One World

__One World Birthday__ is an event celebrating Wikipedia's 20th Birthday (and related milestones, i.e. anniversaries of wiki software, Federated Wiki, Wikidata, Wiki Strategies…)

Epigraph

The first edit on Wikipedia was the first time anyone in the world could participate in a single common activity. It was the first time the world spoke with one voice.

Wikipedia is the best way we have found that people around the world can collaborate to create shared knowledge. It achieves this result through social traditions and rules, mediated by technology.

The end result is what we might call consensual writing, which has the advantage of being able to synthesise many voices into a single concise and coherent proposition.
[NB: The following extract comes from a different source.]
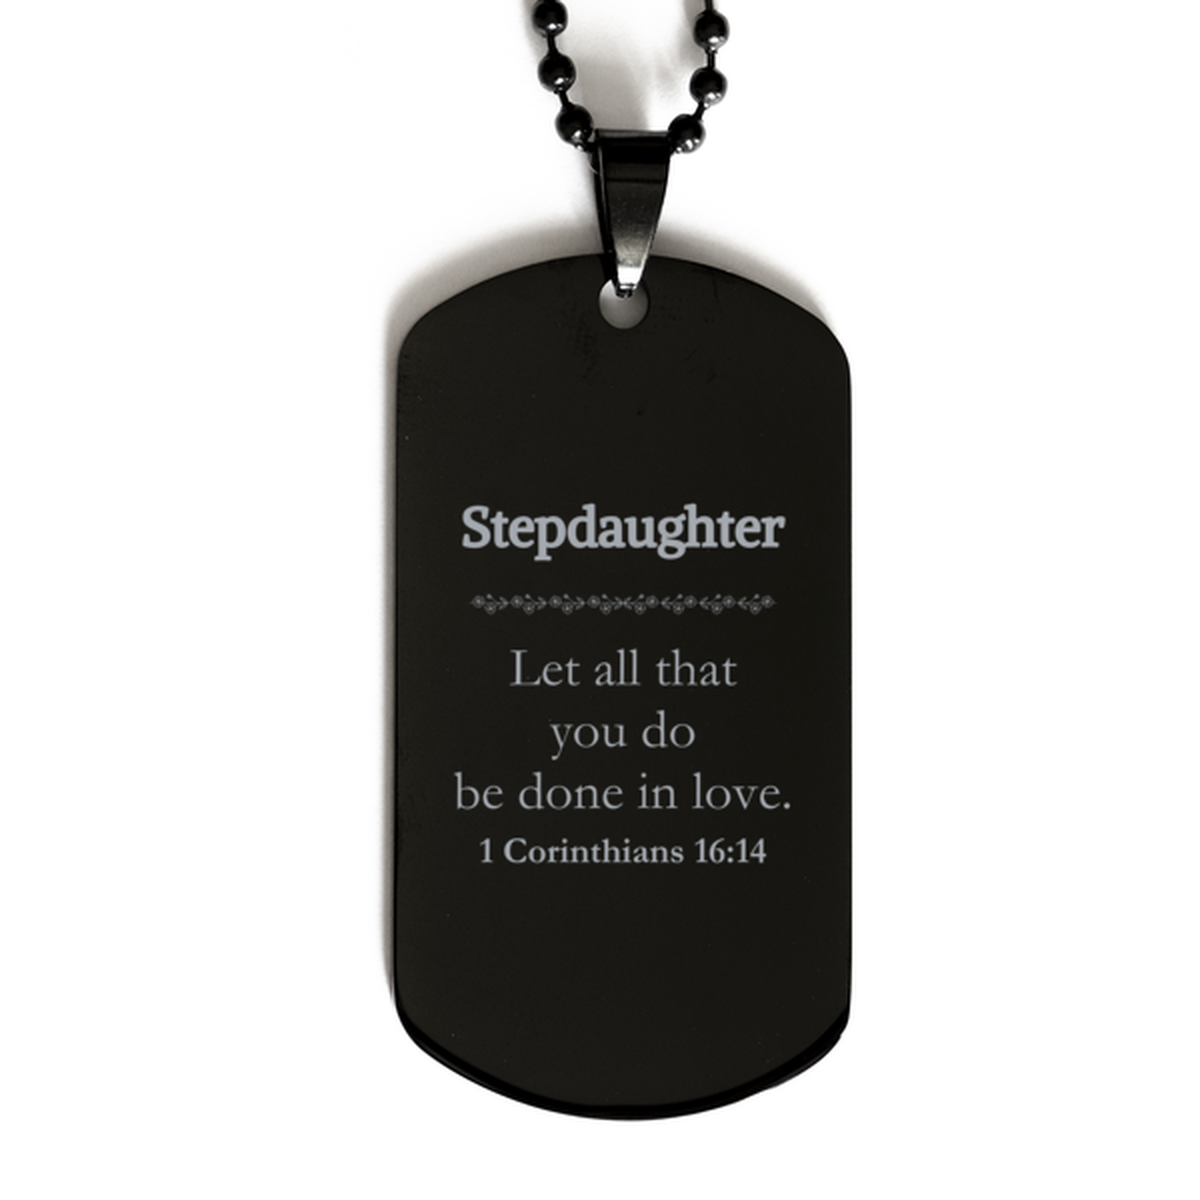 Christian Stepdaughter Gifts, Let all that you do be done in love, Bible Verse Scripture Black Dog Tag, Baptism Confirmation Gifts for Stepdaughter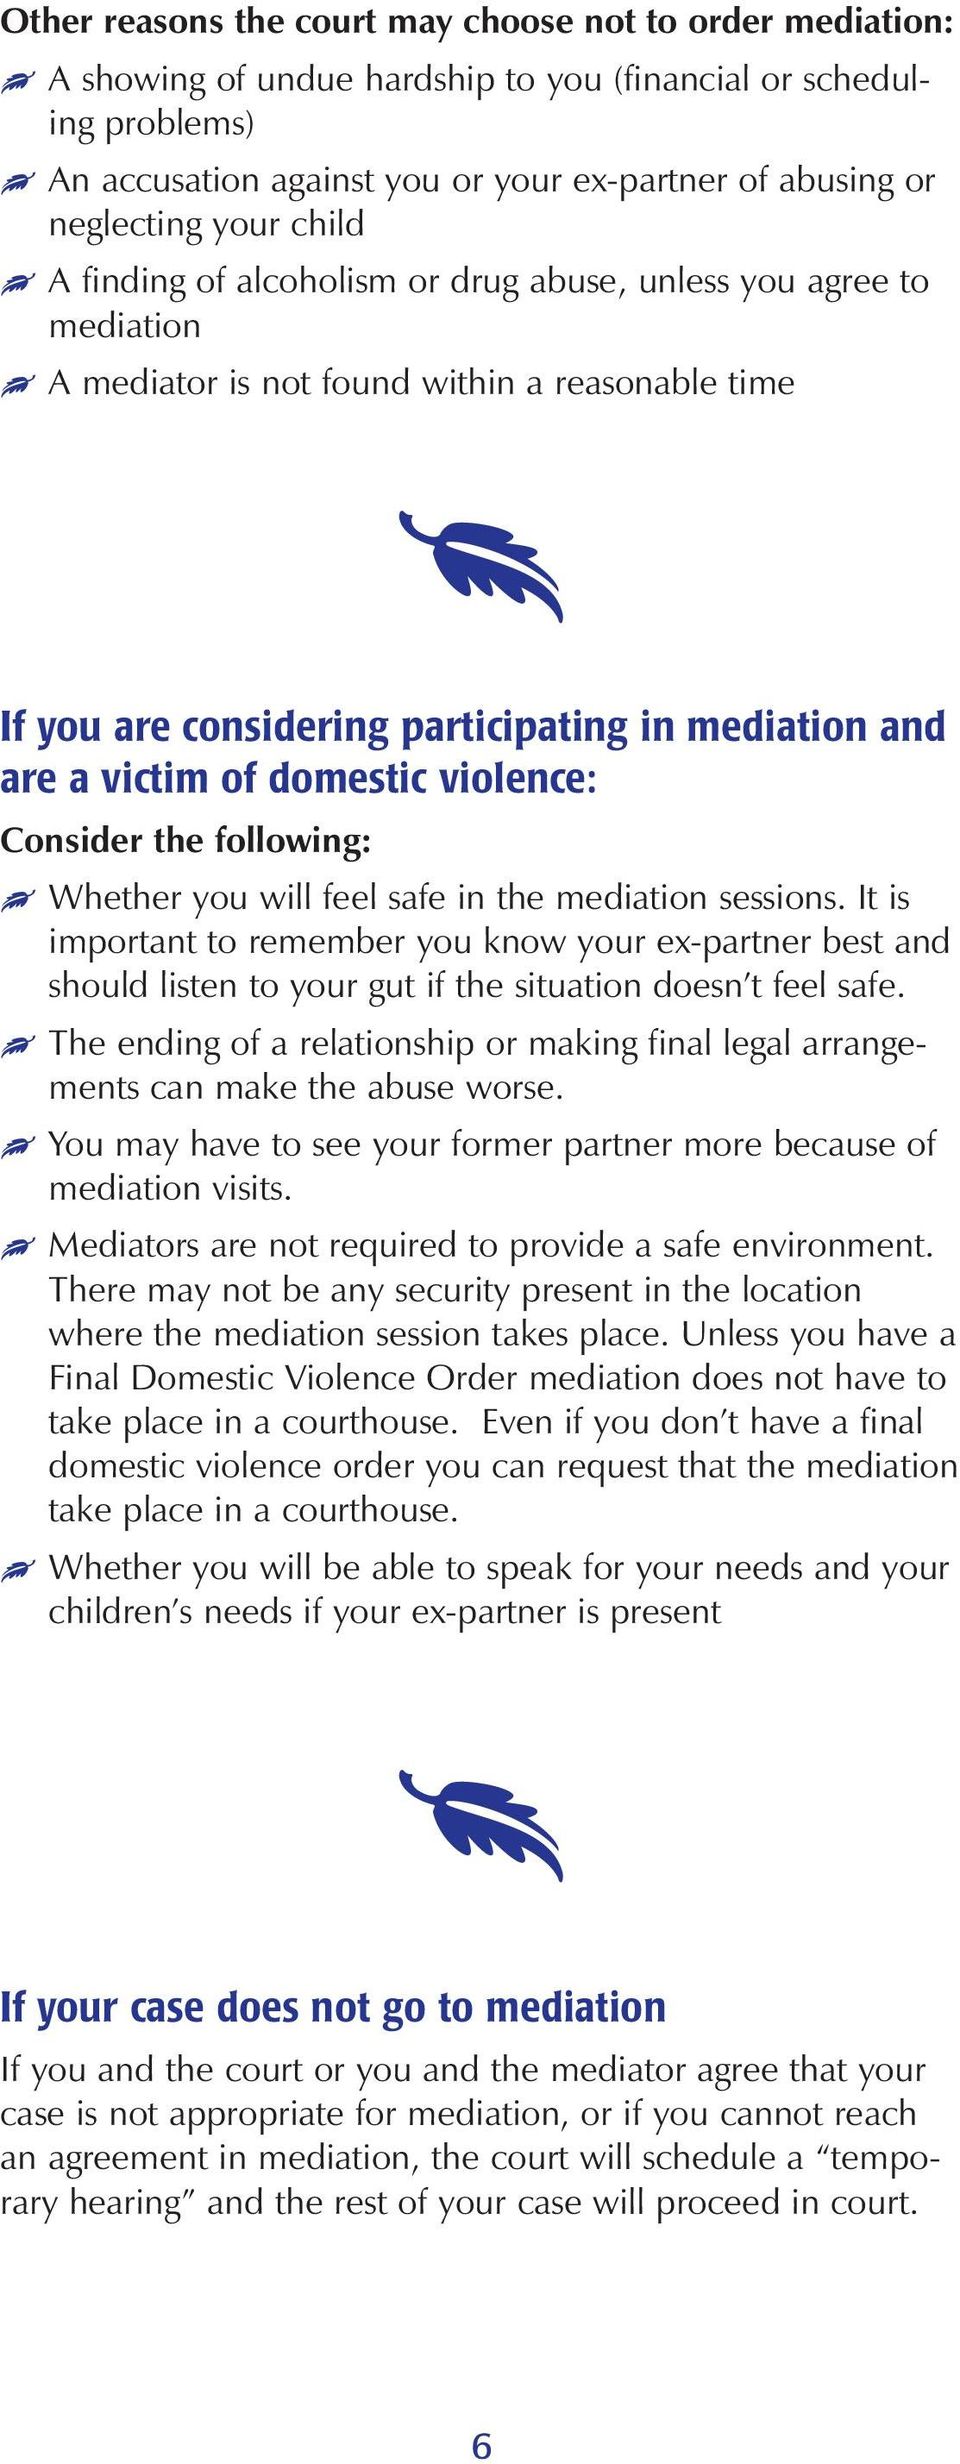 domestic violence: Consider the following: Whether you will feel safe in the mediation sessions.

This Synthetic View has the disadvantage of giving little space for new or alternative perspectives which fail to reach such consensus.

While Wikipedia may be the best available platform for planet-scale collaboration, it is not without its flaws, and some of those are substantial. The Tyranny of Structurelessness is a constant challenge, even as we get more organized and simultaneously grapple with the Tyranny of Structure. The age-old injustices that beset all human endeavors impact Wikipedia in ways that are both unique and all too familiar. The community that builds Wikipedia reflects demographics that are all too familiar, and its content often reinforces or amplifies the voices of the powerful.

In the One World Birthday we aim to illuminate these dynamics, and challenge our colleagues to actively nurture the beneficial aspects of Wikipedia, which may often mean actively fighting its more pernicious tendencies.

We will consider broad, global themes such as climate change, social justice, and the role of journalism in society.

# Collective The theme is essentially about the pressing need for better collective decision making and action. We examine wiki as the best know example of planetary scale collective action, and we ask how we can use this to address the problems that we face.

We move between the one, and the many. This is like moving between Federated Wiki, and Wikipedia, or the divergent and the convergent.

We can explore themes about the individual and the things we can do to act, and the collective - the ways we can come together to address collective problems.